Raspberry Vinaigrette Marinated Chicken In Bell Pepper Salad

raspberry vinaigretteRaspberry Vinaigrette

1 1/3  cups fresh raspberries

2 tablespoons real Canadian maple syrup

1/3 cup water

1 tablespoon cider vinegar

2 1/2 spoons olive oil

2 teaspoons Dijon mustard

Press the raspberries through a sieve over a bowl to get rid of the pulp and the seeds, keeping the juice. In a Tupperware container combine the juice, water, vinegar, olive oil, and Dijon. Put in the fridge. Give it a really good shake before your add it to the salad of your creation. A favorite of mine is baby spinach, boiled omega eggs, sliced red onion, and either sliced chicken breast or steak – usually flank or striploin. Simply pour the vinaigrette over top when these ingredients have been put on plates, and you have an amazing dinner that is low in carbs and high protein.

rainbow-peppers3-largeRaspberry Vinaigrette Marinated Chicken In Bell Pepper Salad

Make the above vinaigrette, but double the ingredients to make twice as much.
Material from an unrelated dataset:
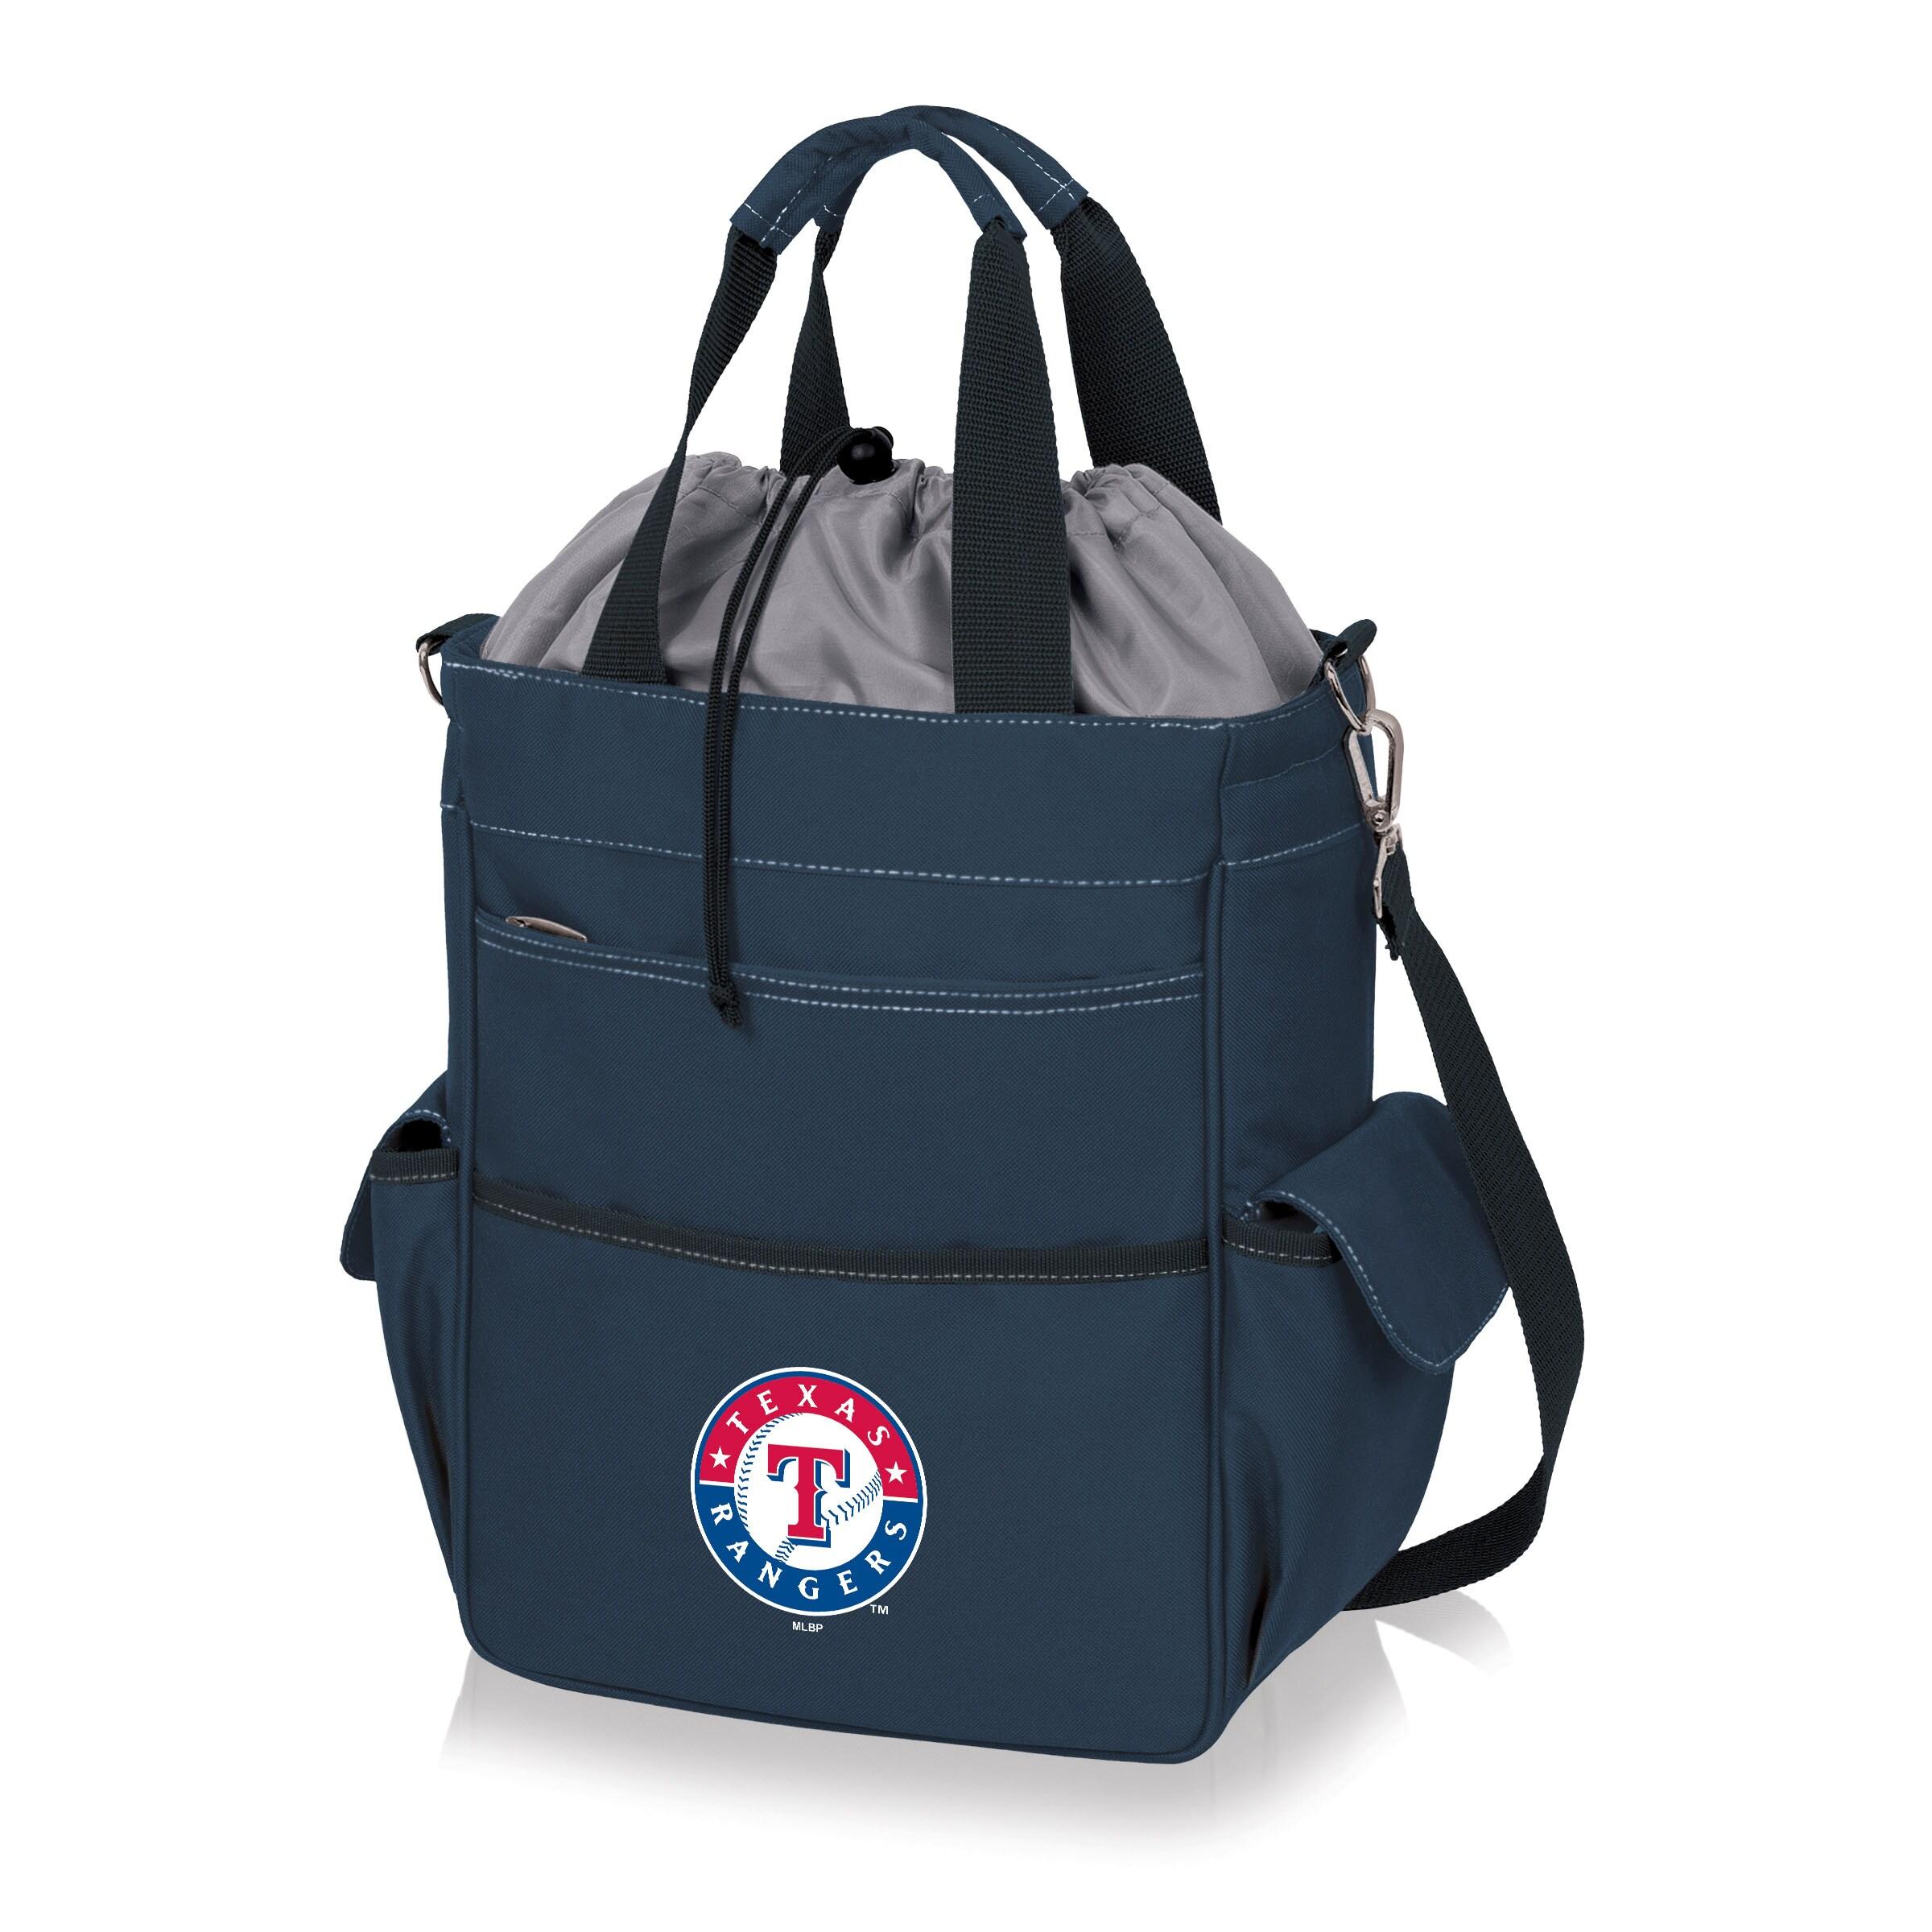 Texas Rangers Activo Cooler Tote - Navy
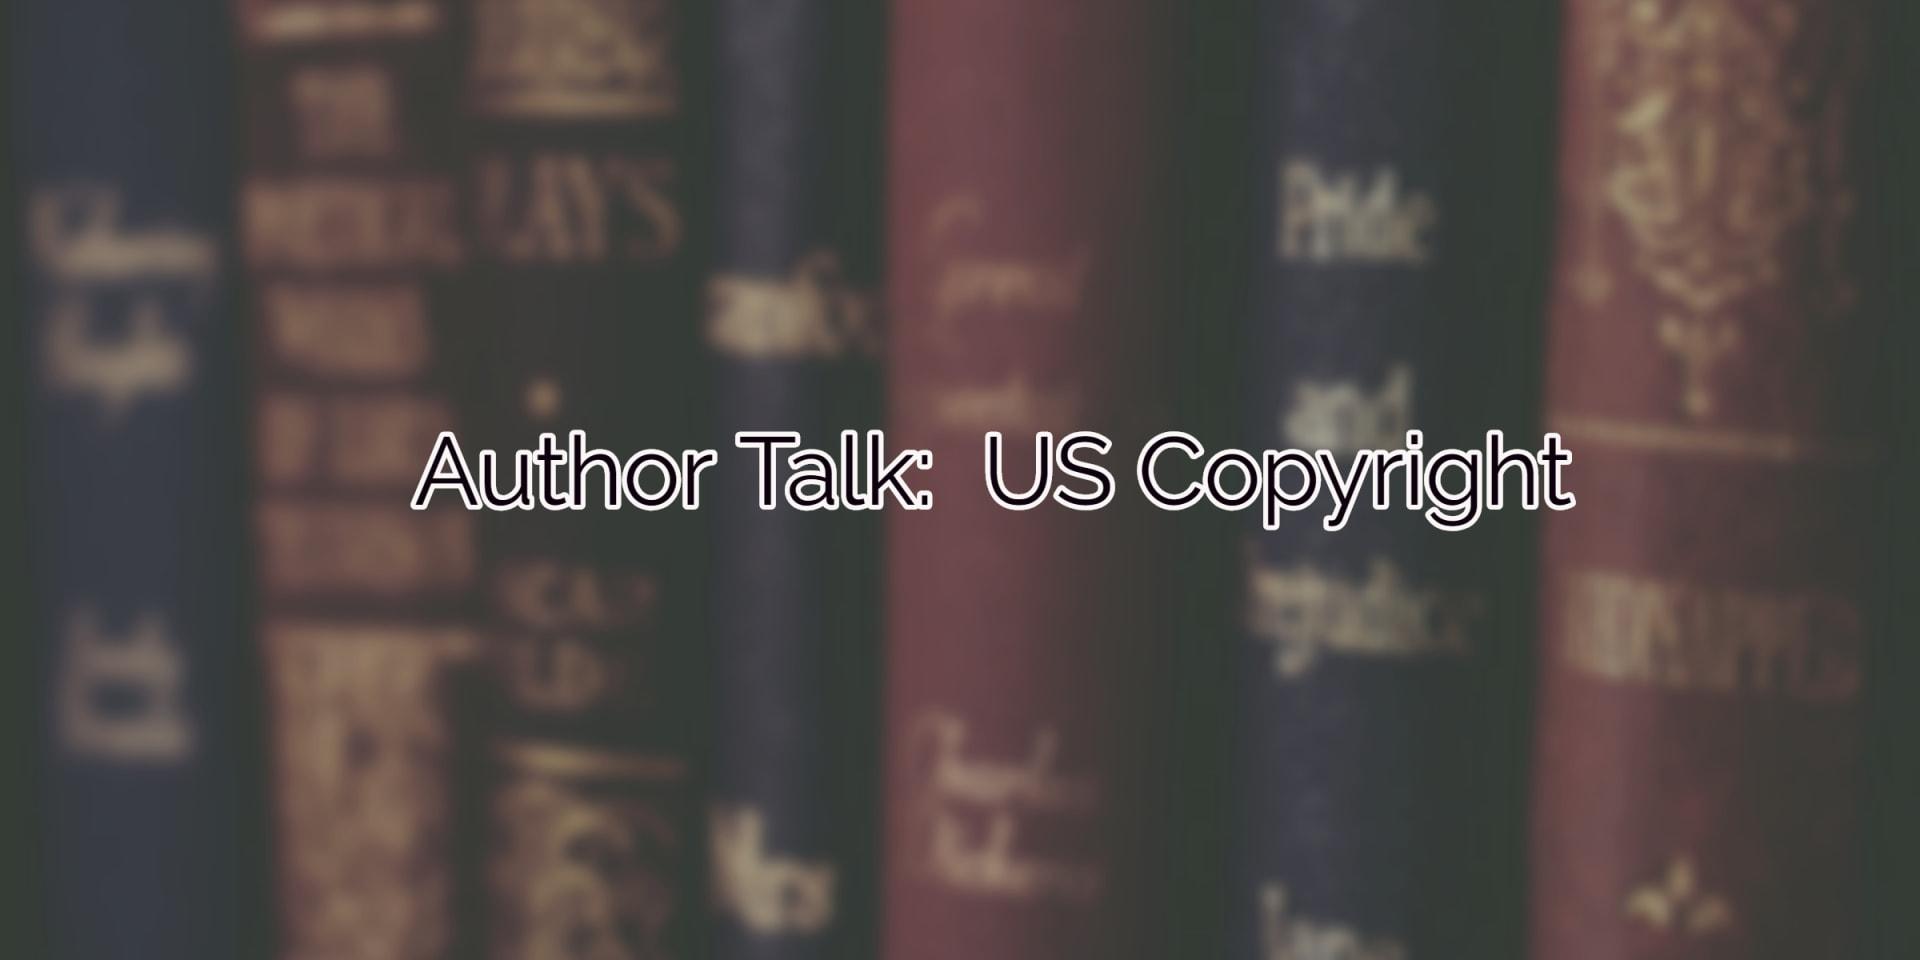 Author Talk:  US Copyright

Also as for ingredients:

2 tablespoons olive oil

4 tablespoons coconut oil

4 chicken breasts or 8 boneless thighs – sliced

1 each of red, yellow and green bell peppers, seeded and cut into chunks

2 green onions – chopped

cayenne or black pepper to taste

Put the vinaigrette into a bowl and add the sliced chicken. Let this sit in the fridge for the day. In the evening mix the bell peppers, green onion, cayenne or pepper, and the olive oil together in a bowl. Heat a large skillet, melt the coconut oil at a medium temperature and cook the chicken until it’s white all the way through. Divide the pepper mixture in half on two plates, or however you skew your servings depending on which person eats more. Cover this with the chicken. Drizzle the hot raspberry vinaigrette and coconut oil from the skillet on top. Add a few fresh raspberries on top and get eating! More low carb, high protein fat loss food.